There are vestiges of more recent history on Reserve land as well. Cellar holes and building rubble mark the location of two of three 19th century farmsteads on Washburn Island. A brick foundation is all that remains of an elaborate estate that was built in 1900 by the son of the founder of the Bryant & Sturges shipping firm, which is credited with opening up the Pacific Northwest to trade. The estate was destroyed by fire in 1926. Some concrete exposed at the dune’s edge at the far southern end of the island has been identified as the site of a garage belonging to a family that had their beach cottage moved from the Island to Central Avenue in Falmouth in 1942, before the army took possession of the island.

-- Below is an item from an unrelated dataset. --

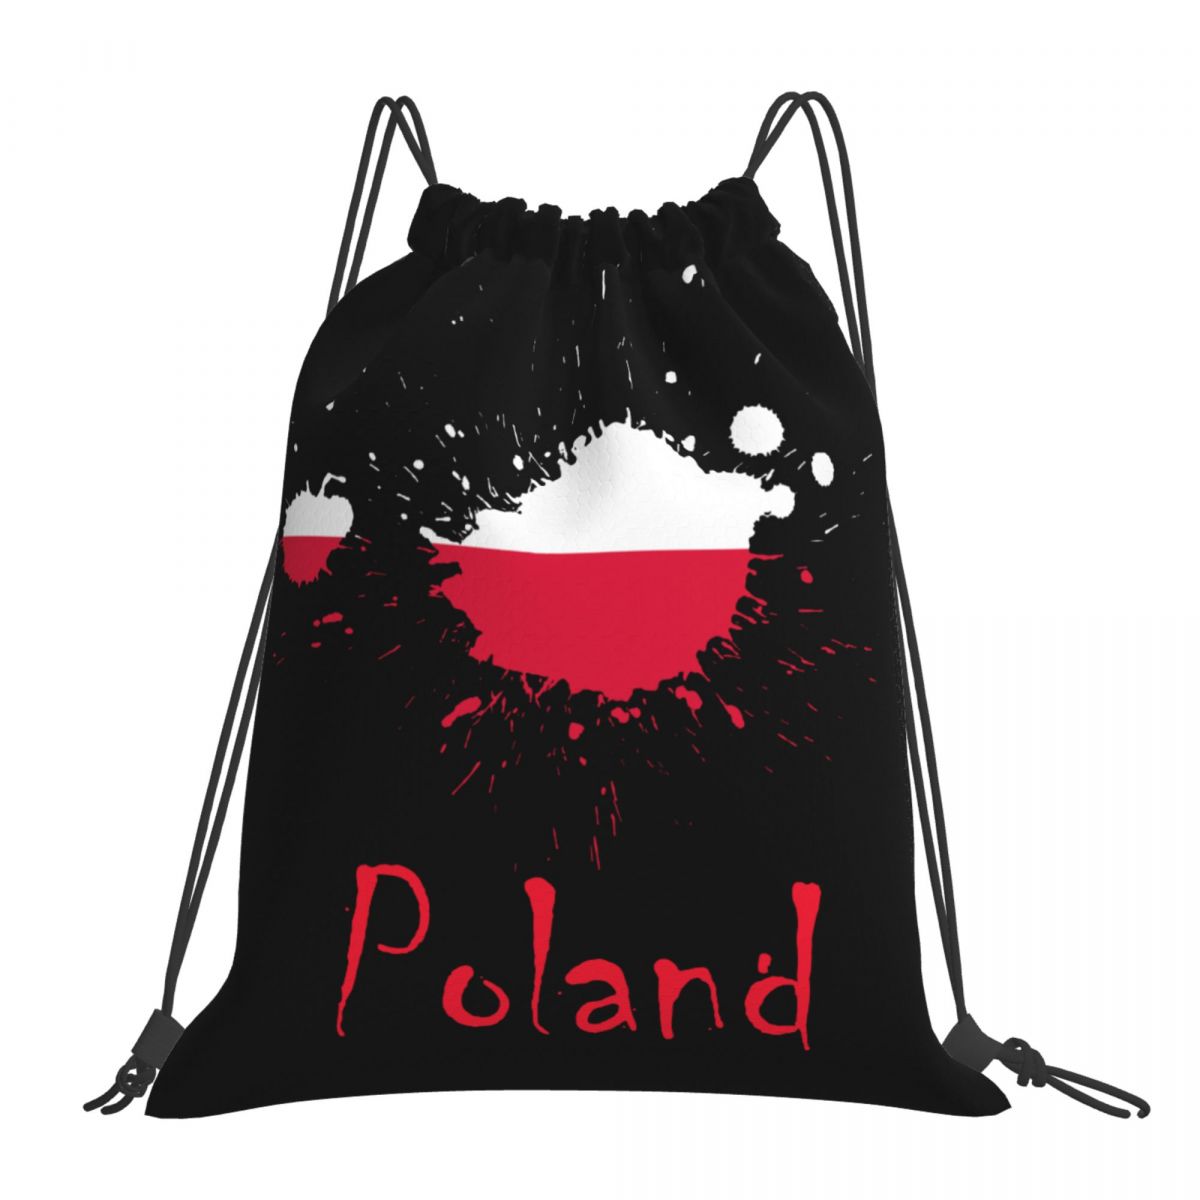 Poland Ink Spatter Unisex Drawstring Backpack Bag Travel Sackpack

Between 1942 and 1945 the island served as the Camp Edward’s Engineer Amphibian Command. In this capacity the island became one of the Army’s principle amphibious training grounds. Washburn Island has been referred to as “the cradle of our European invasion” (Enterprise 1953), as the men who trained on its shores went on to spearhead the assaults at Normandy, France; Oran, Algeria; and Salerno, Italy. Toward the end of the war the base was used as an “R & R” center for convalescing soldiers from nearby Camp Edwards. Many deteriorating concrete foundations and slabs located toward the northern and central portion of the island are associated with this military use. The asphalt roads and the bridge abutments on the northwest shore of the island are also military features.

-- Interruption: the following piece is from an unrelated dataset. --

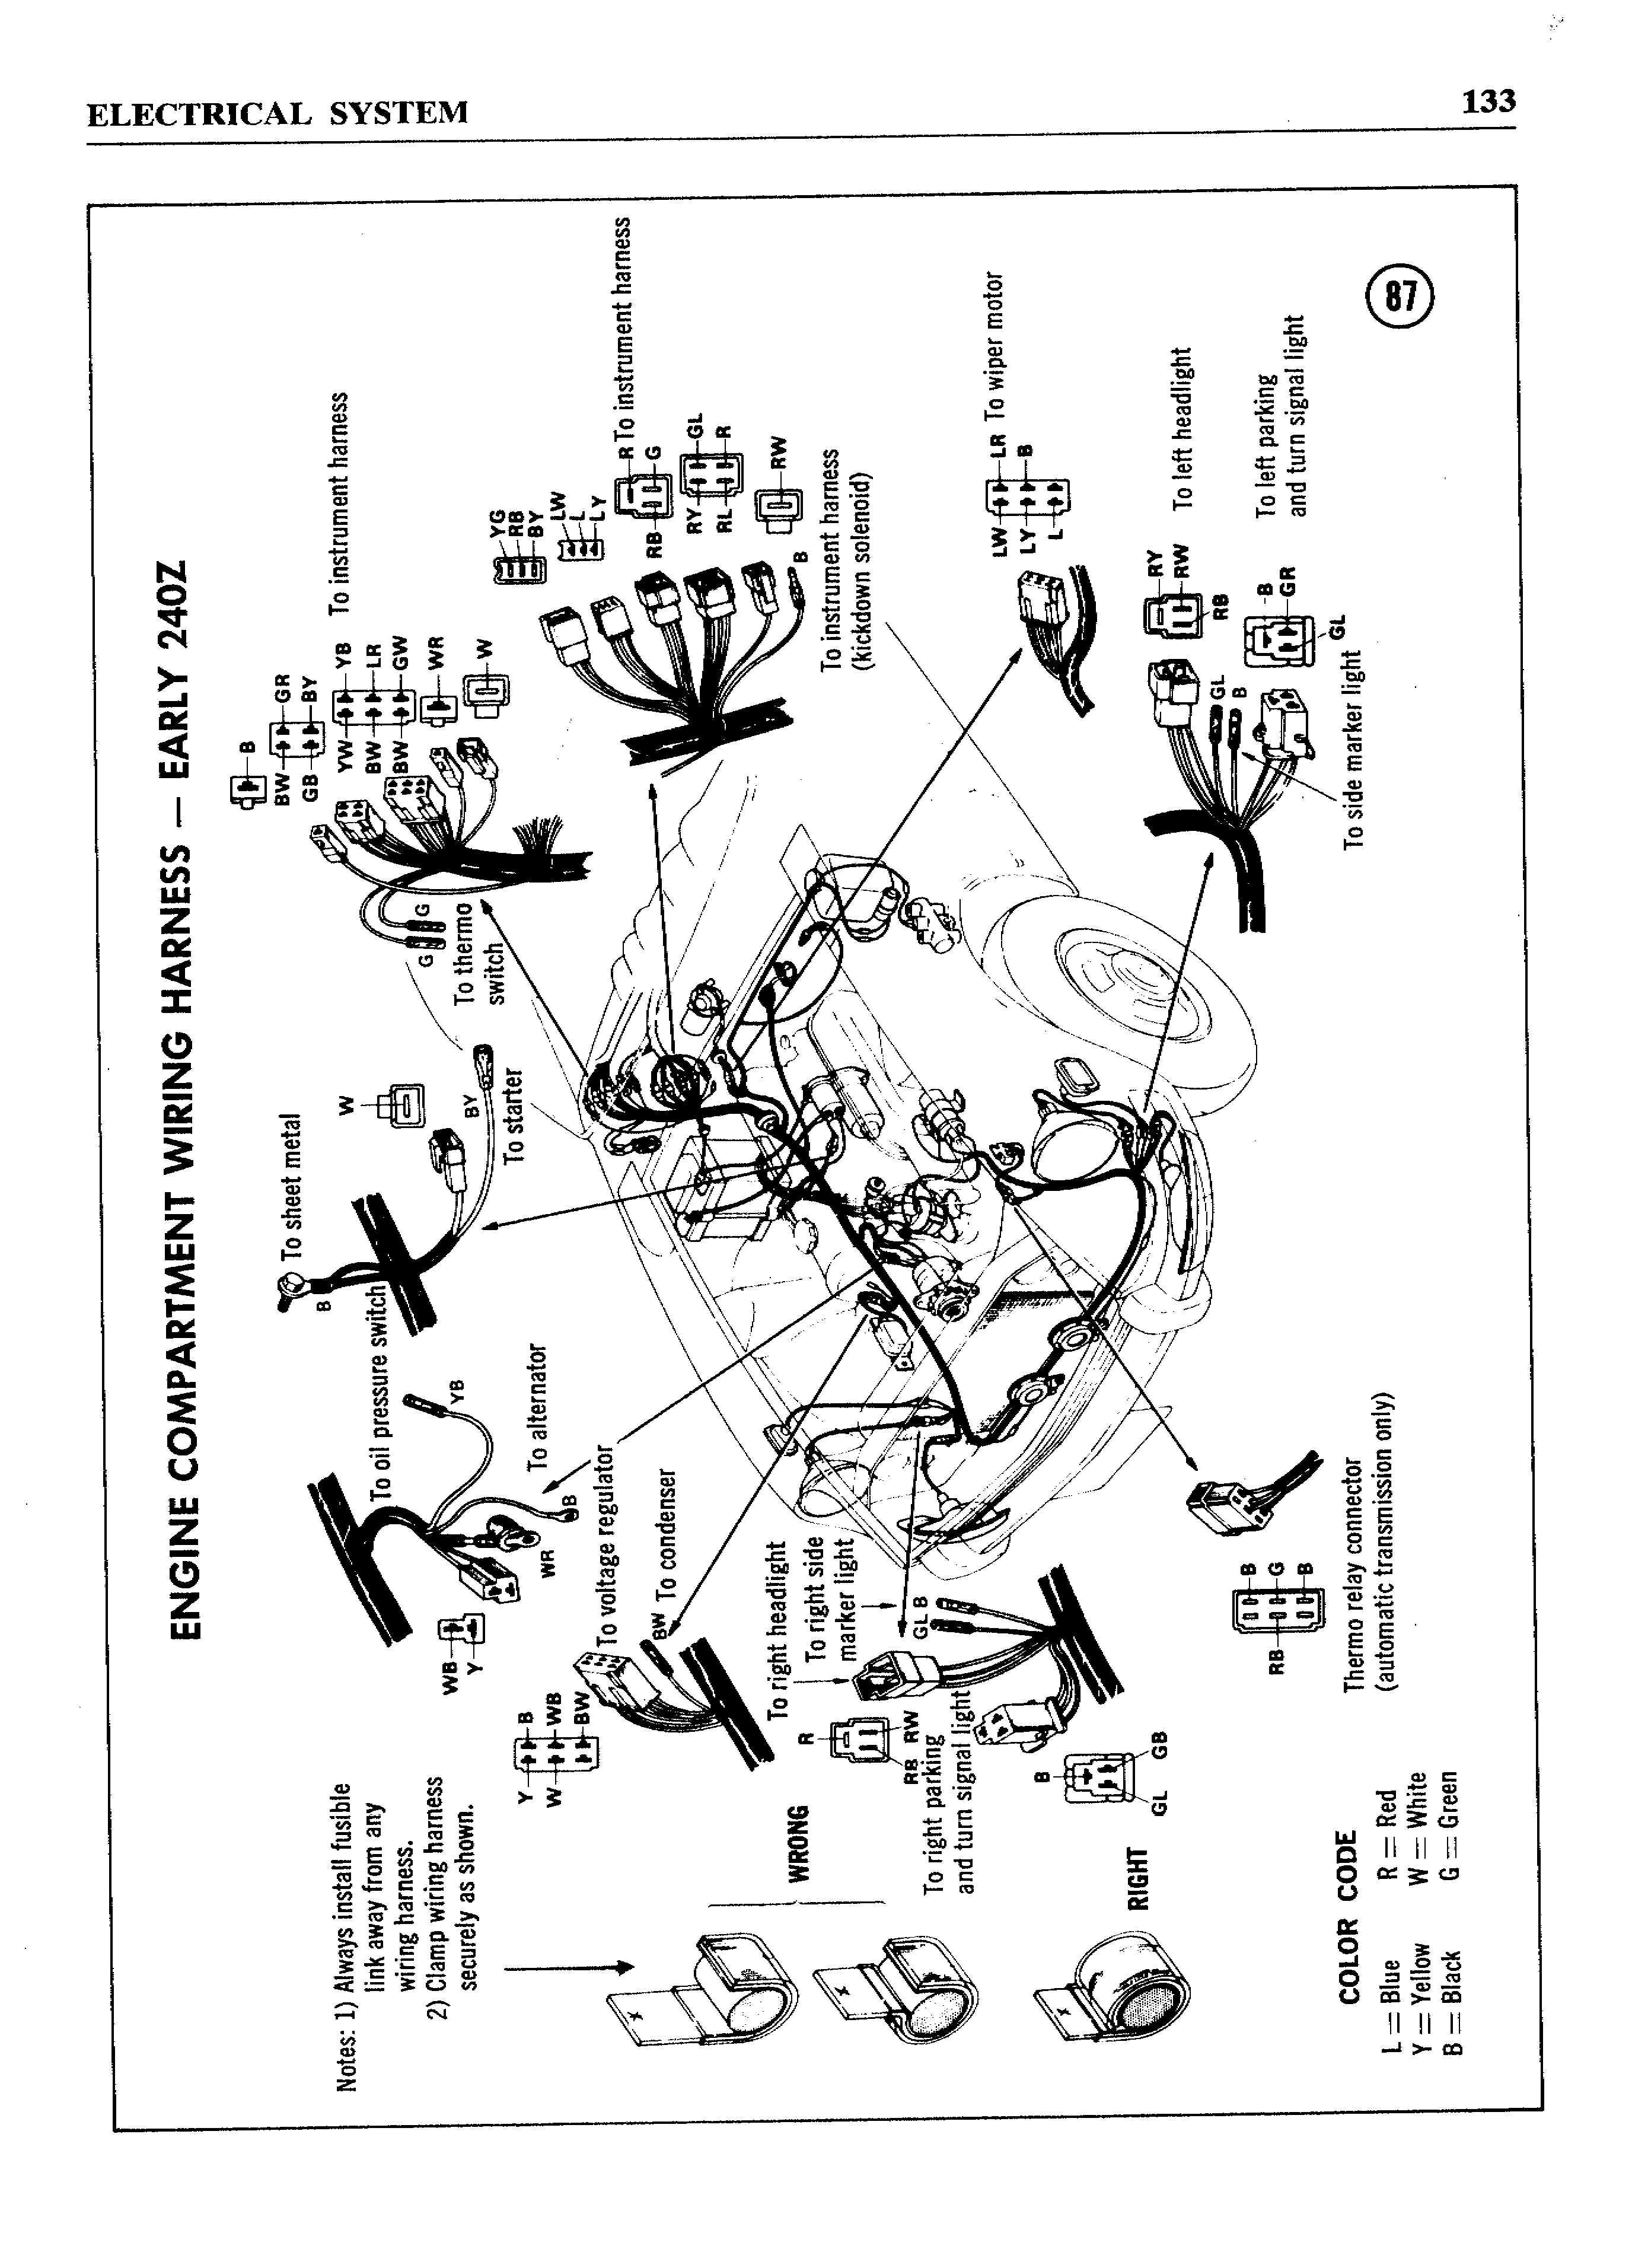 240z 1972 wiring diagram

On the mainland, at the head of Waquoit Bay, is the Reserve’s headquarters site, sometimes referred to as the Sargent Estate. The main house was built between 1880-1890 by Ignatious Sargent in the Shingle Style of late Victorian construction and used as a summer “cottage” for family vacations until it was damaged in a hurricane in 1938. The mansion features sixteen rooms with ornate fireplaces and mantels and exotic woods on the first two floors. It included one of the first central vacuum systems. Following the 1938 hurricane, the building was boarded up for almost fifty years until it was acquired by the Commonwealth of Massachusetts in 1987 for use by the Reserve. The estate also includes a carriage house, gate house, boat house, and chicken coop. All of these buildings, except for the chicken coop, have been adapted for new uses by the Reserve.

The Reserve’s headquarters are located within the Waquoit National Historic District. The Historic District was established in 2004 in recognition of the area’s significance as an isolated Falmouth Village that reached the high point of its development in the 1850s with industrial, marine, agricultural, and summer tourism components.